Given information =
= = = = =
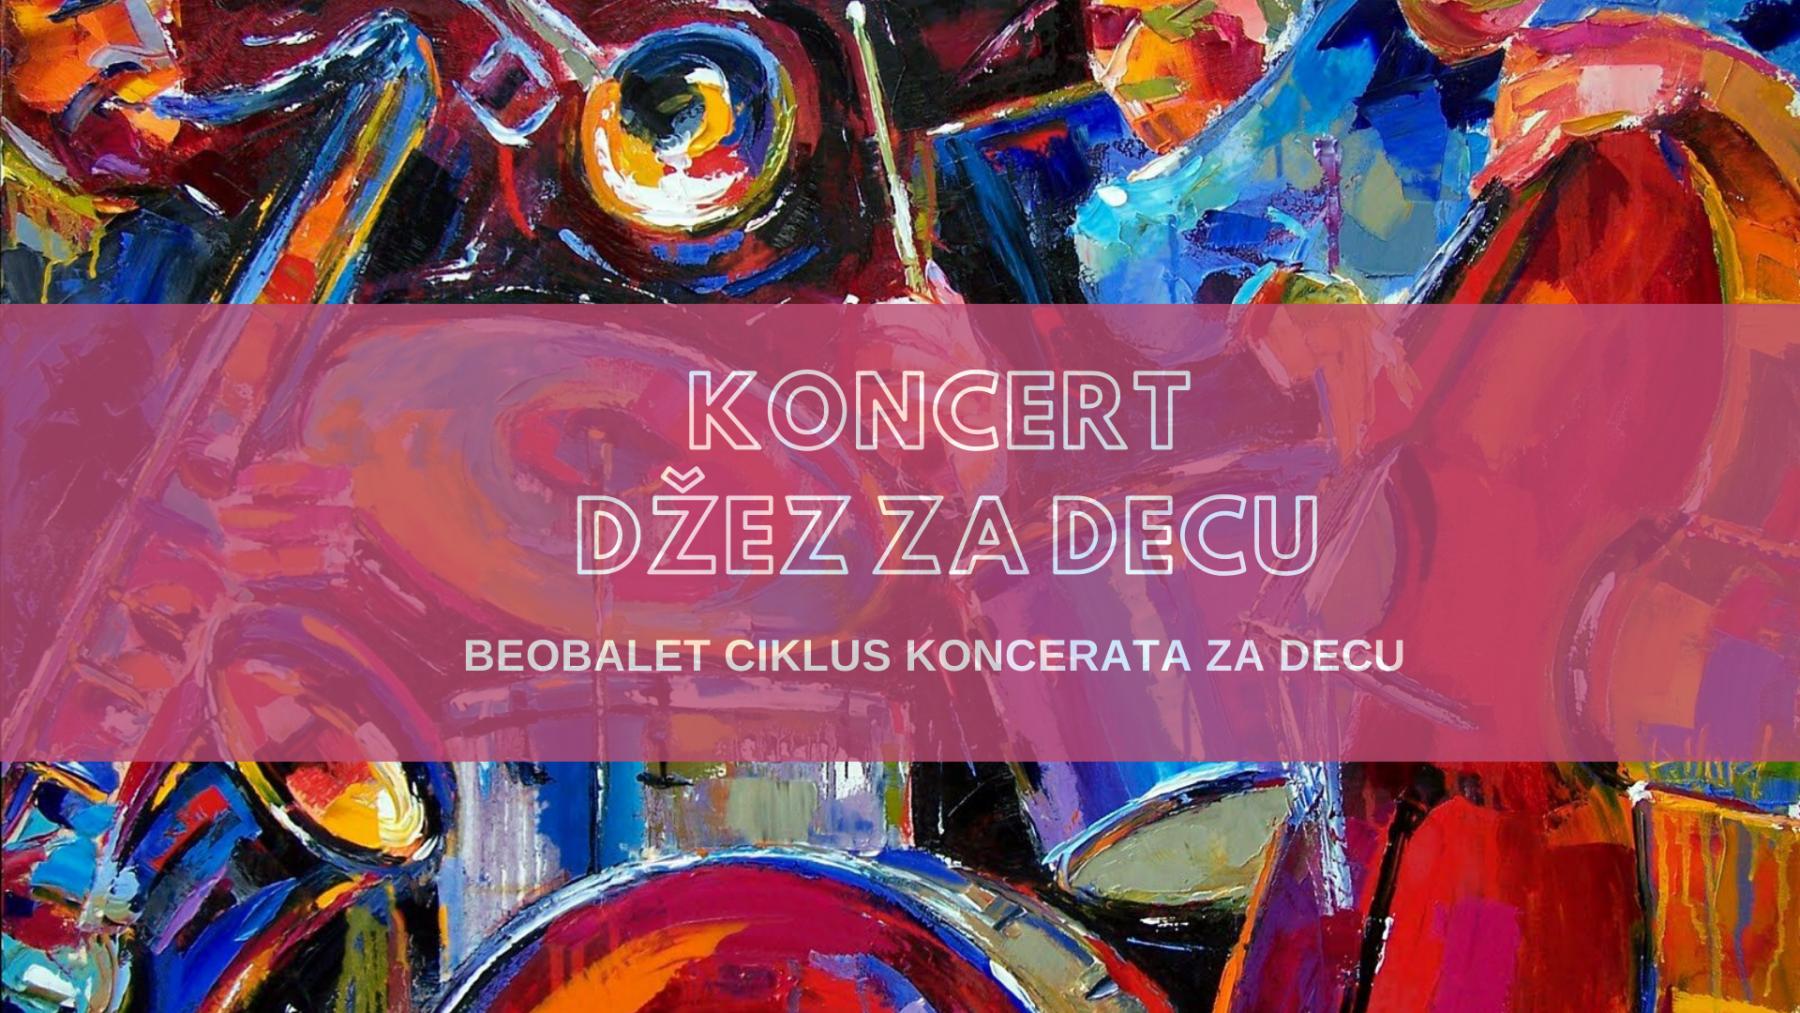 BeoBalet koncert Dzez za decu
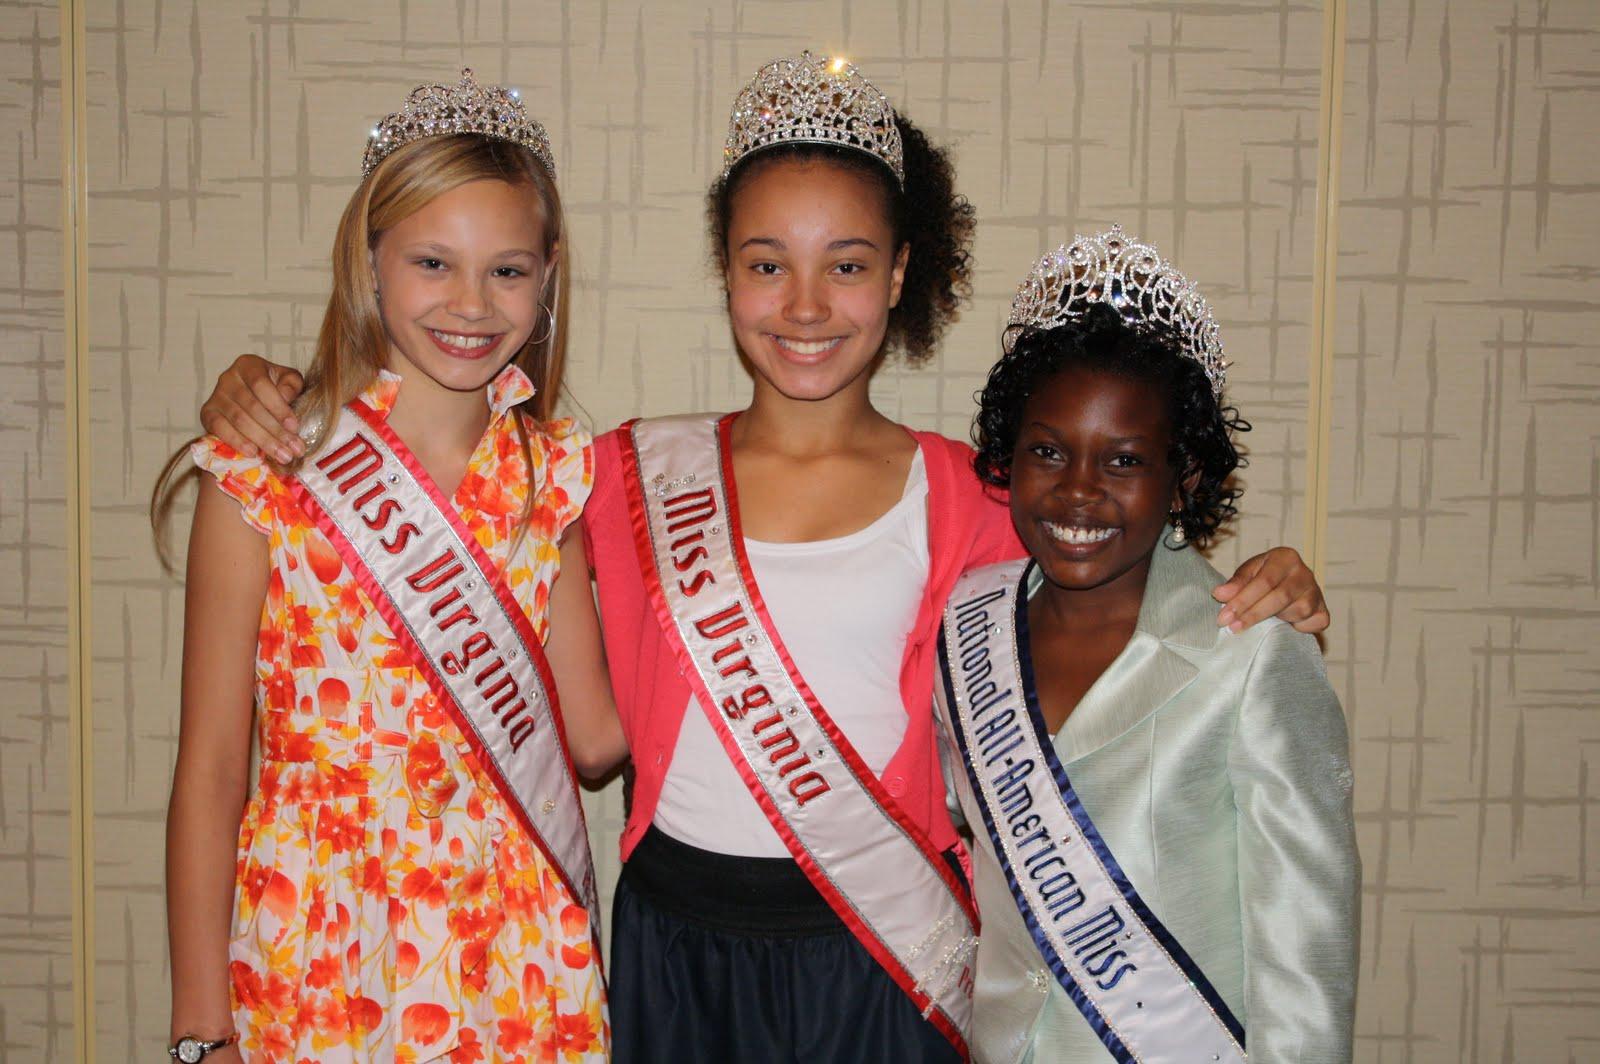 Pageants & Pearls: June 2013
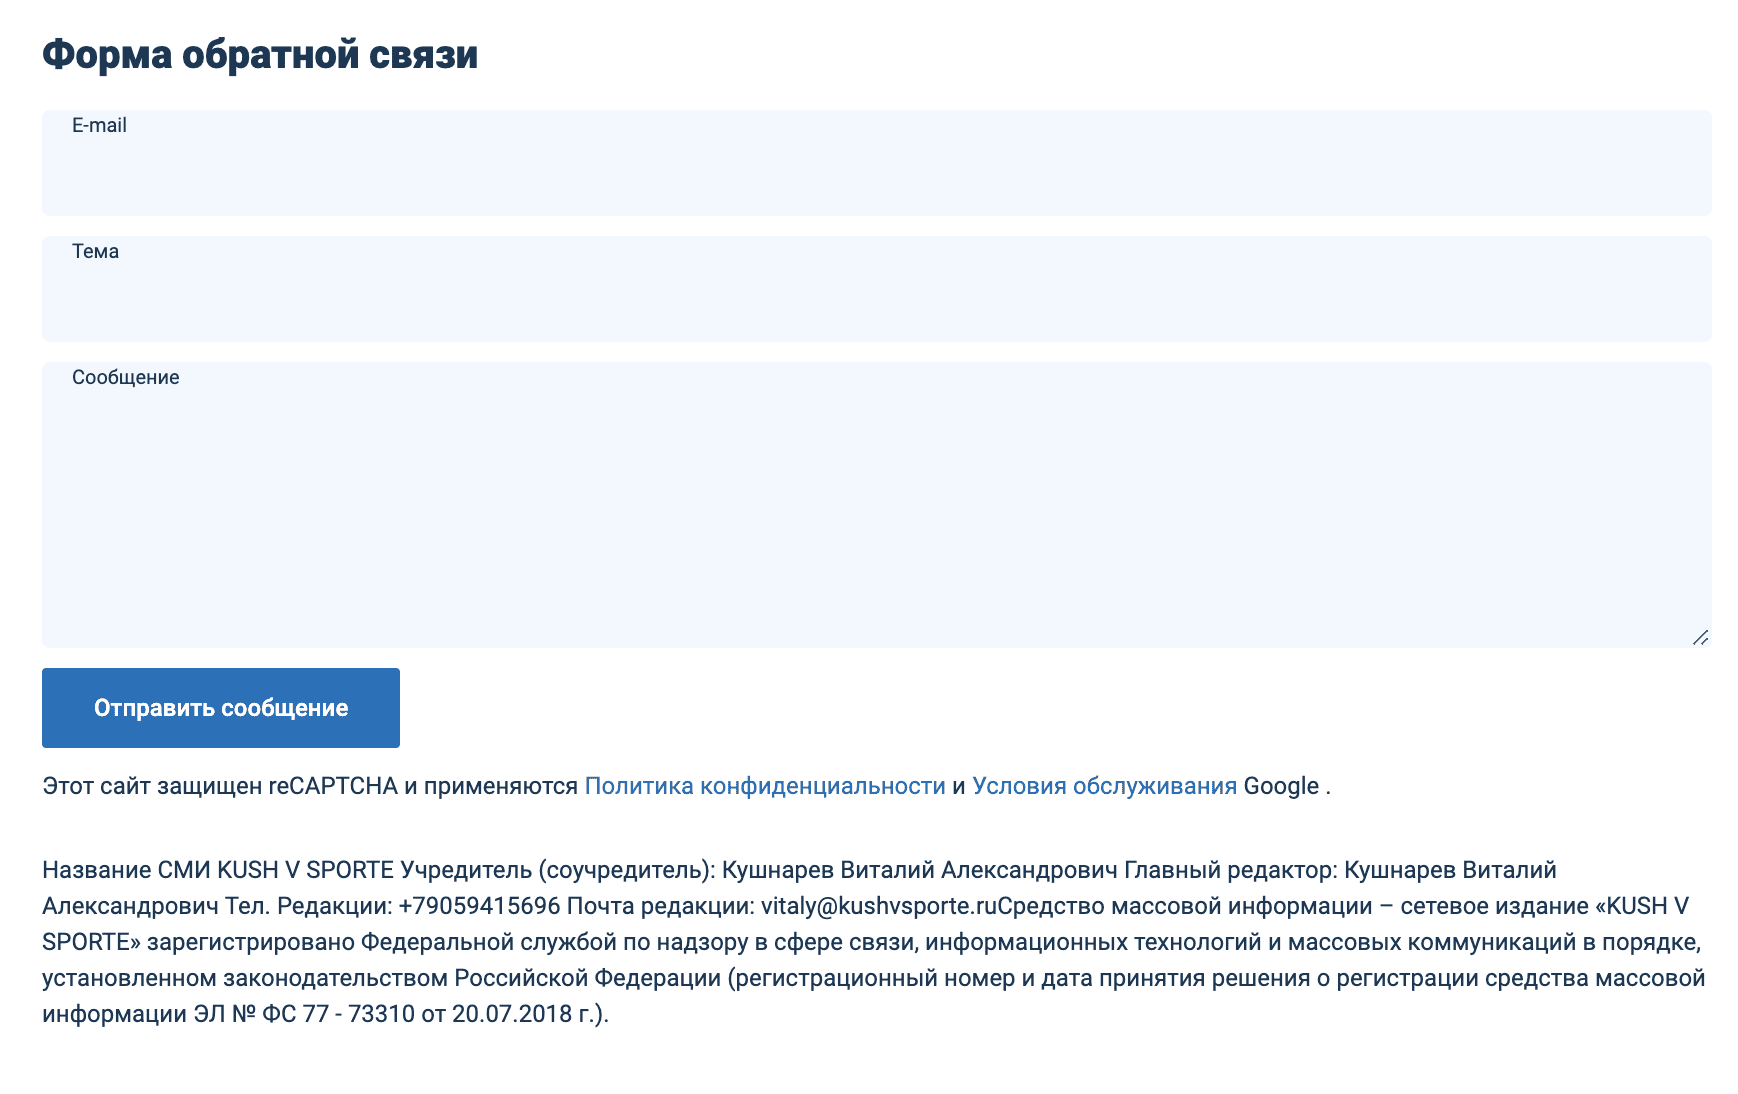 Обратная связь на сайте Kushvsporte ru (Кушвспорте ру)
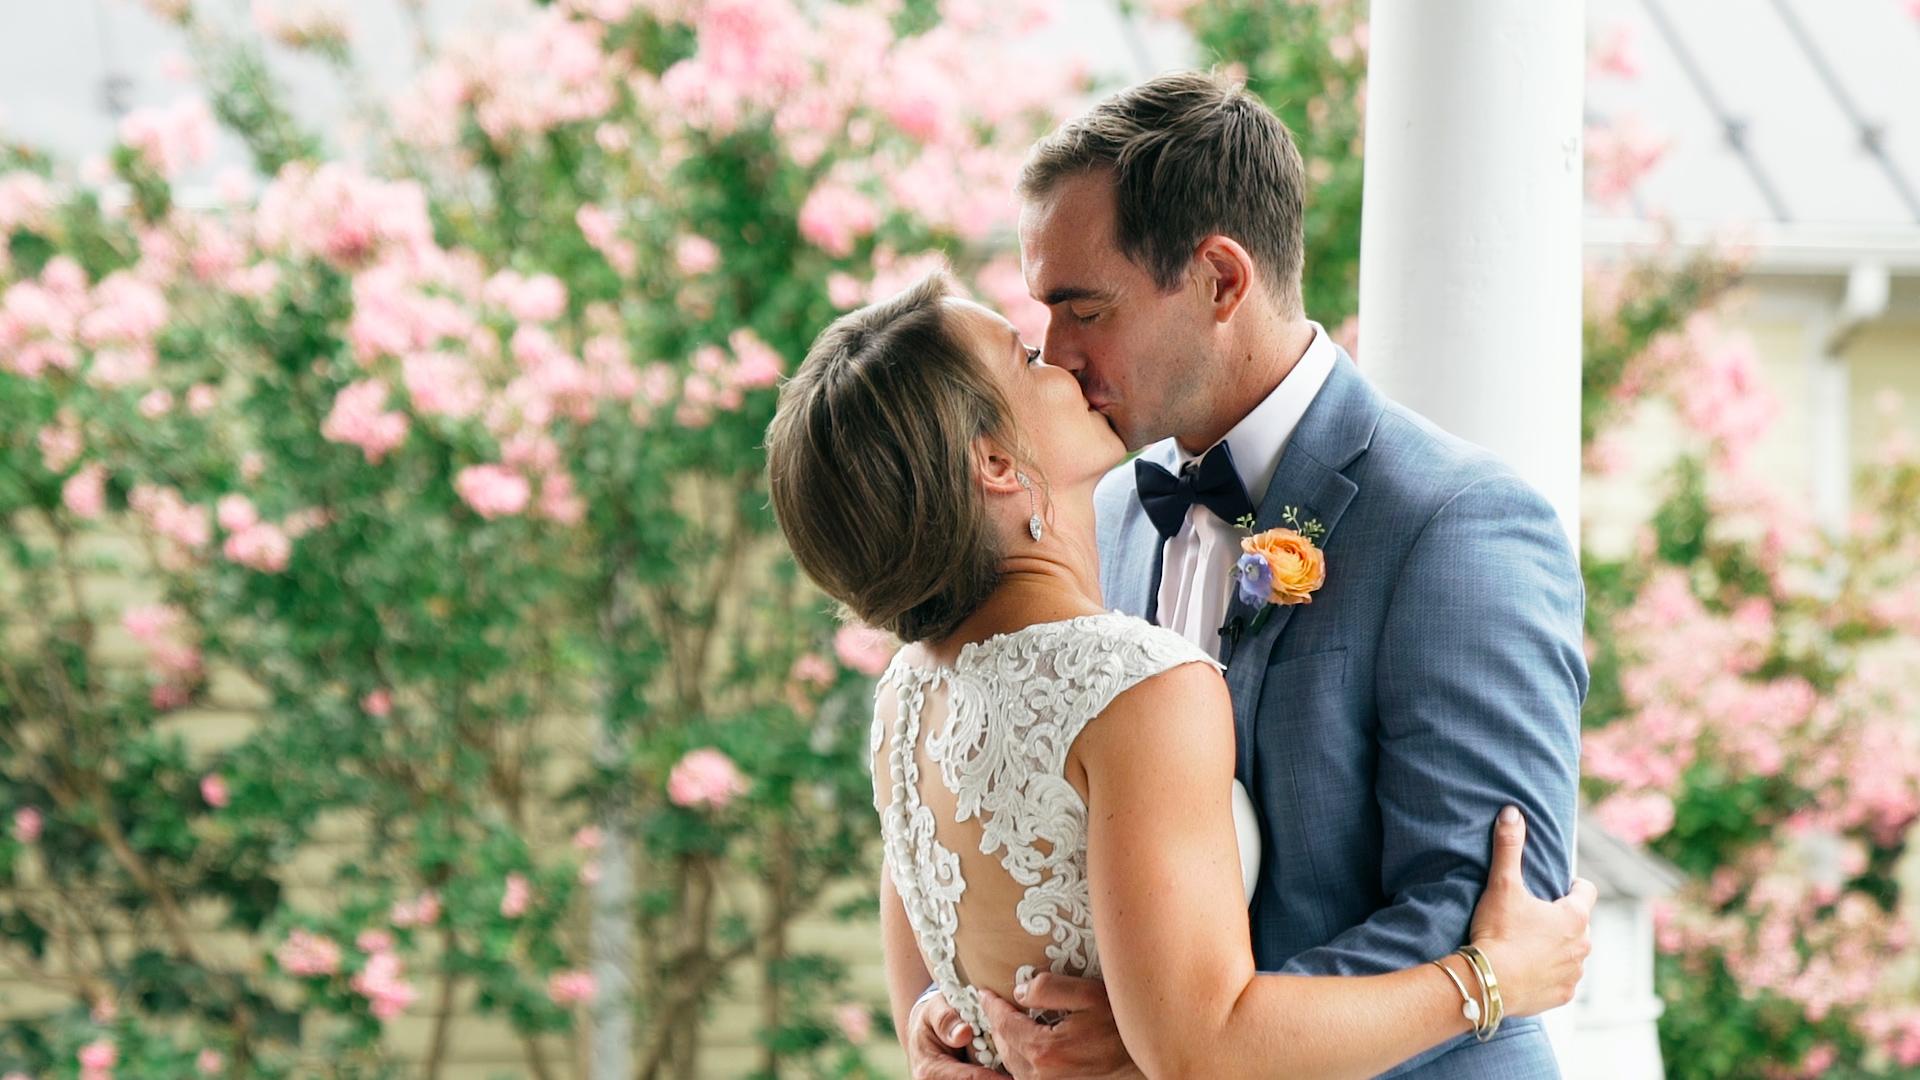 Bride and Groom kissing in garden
= = = = =
What to do = Could the listing above be printed again in full, with every picture omitted?

Exercise response =
 BeoBalet koncert Dzez za decu
 Pageants & Pearls: June 2013
 Обратная связь на сайте Kushvsporte ru (Кушвспорте ру)
 Bride and Groom kissing in garden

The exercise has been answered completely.